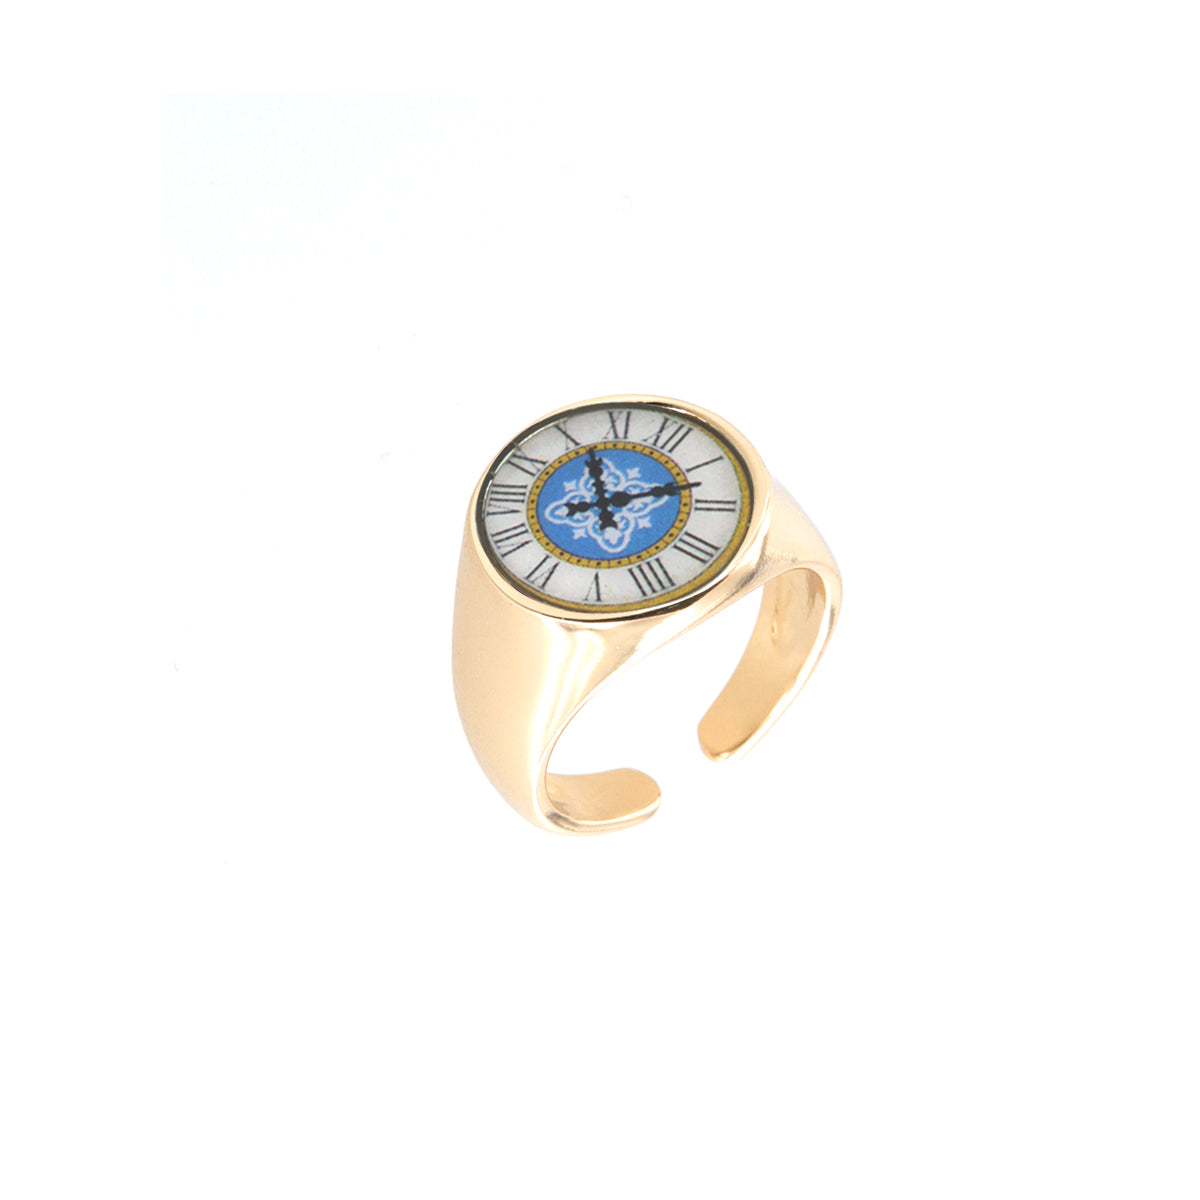 Sigillo metal ring, with central Capri watch
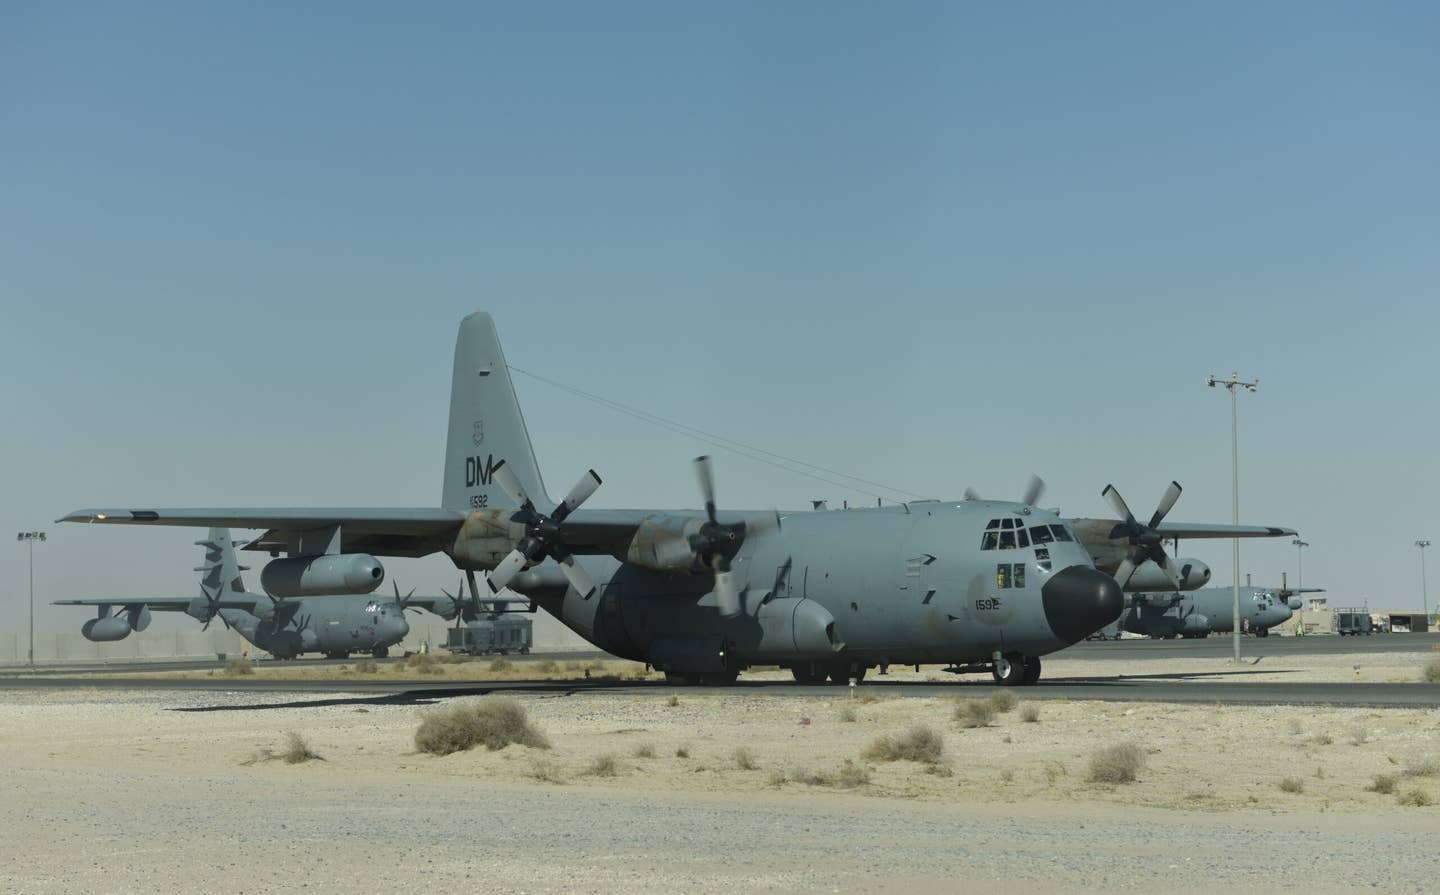 An EC-130H Compass Call travels along the taxiway at an undisclosed location in Southwest Asia, June 27, 2017. <em>Credit: U.S. Air Force photo by Tech. Sgt. Jonathan Hehnly</em>
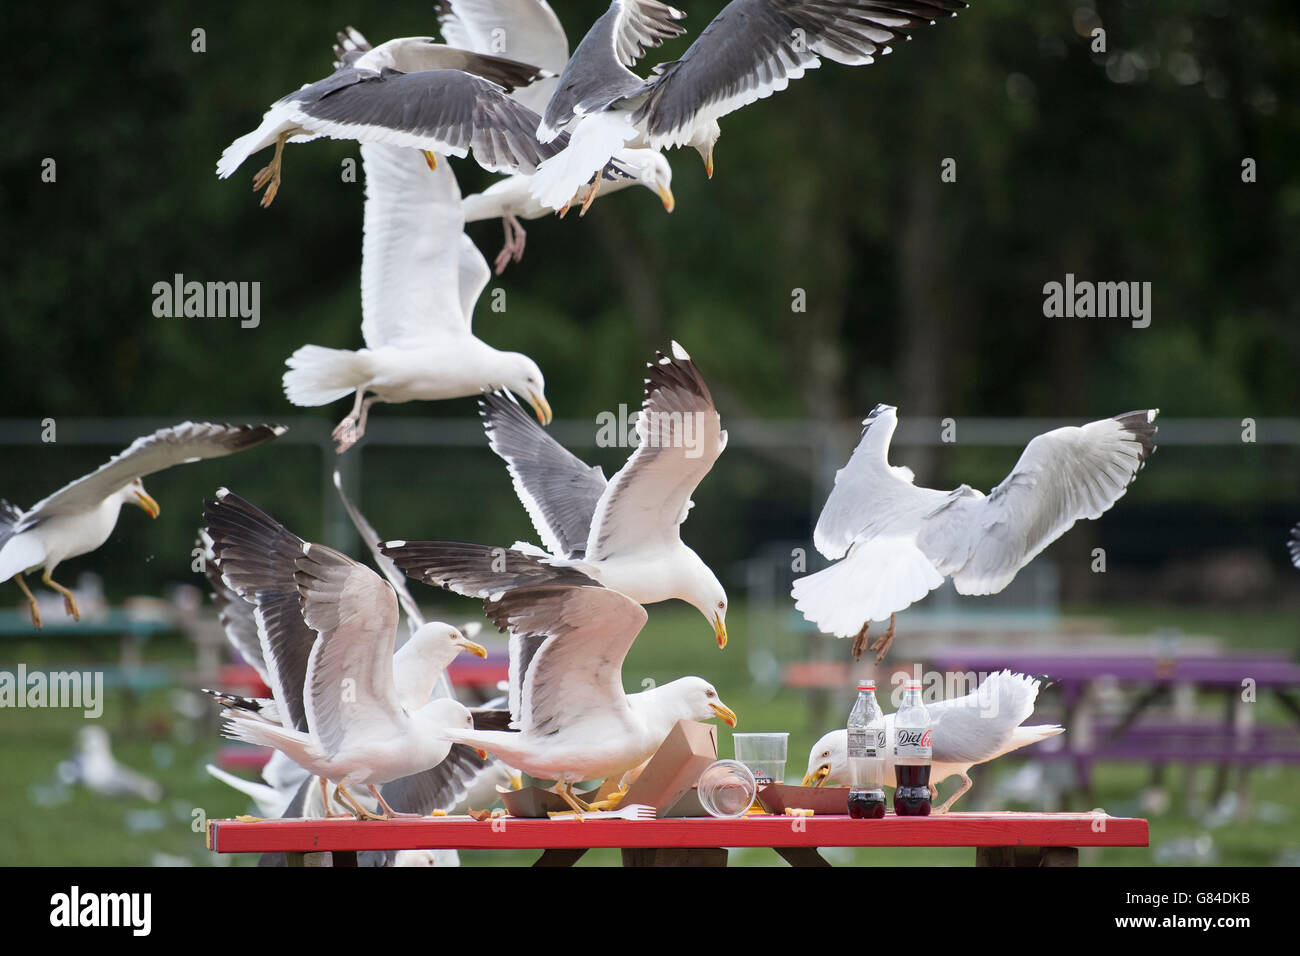 Seagulls swooping down to eat food from a picnic table. Stock Photo
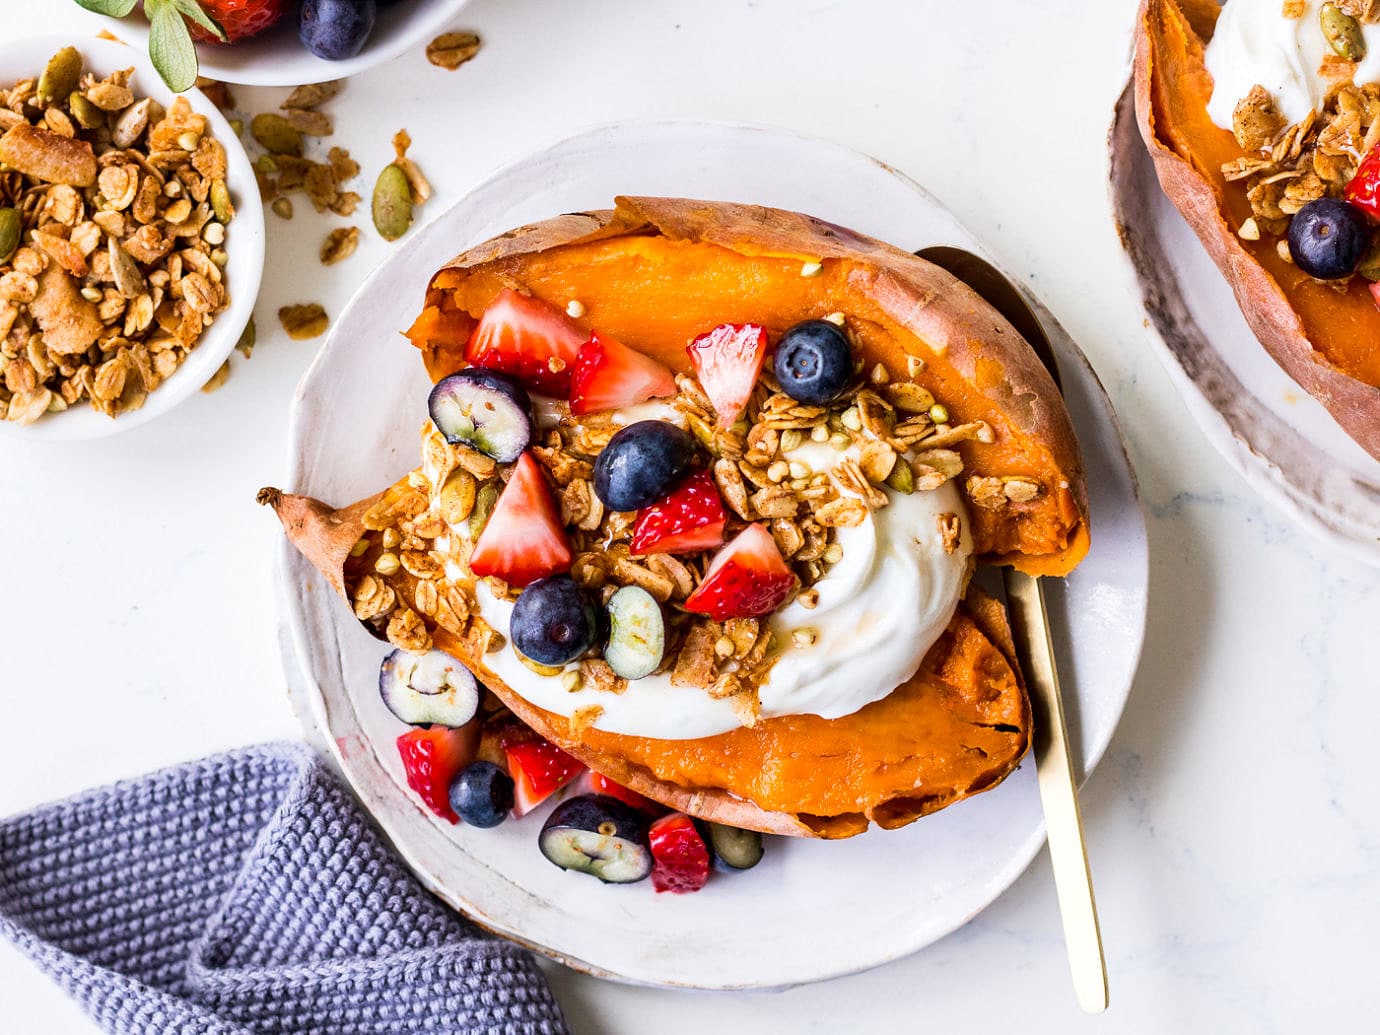 Small white plate with sweet potato topped with yoghurt, berries and granola

What is expected:
Pictures stay out. Write out everything else in the material exactly.

Written solution:
 Sigillo metal ring, with central Capri watch
 An EC-130H Compass Call travels along the taxiway at an undisclosed location in Southwest Asia, June 27, 2017. <em>Credit: U.S. Air Force photo by Tech. Sgt. Jonathan Hehnly</em>
 Seagulls swooping down to eat food from a picnic table. Stock Photo
 Small white plate with sweet potato topped with yoghurt, berries and granola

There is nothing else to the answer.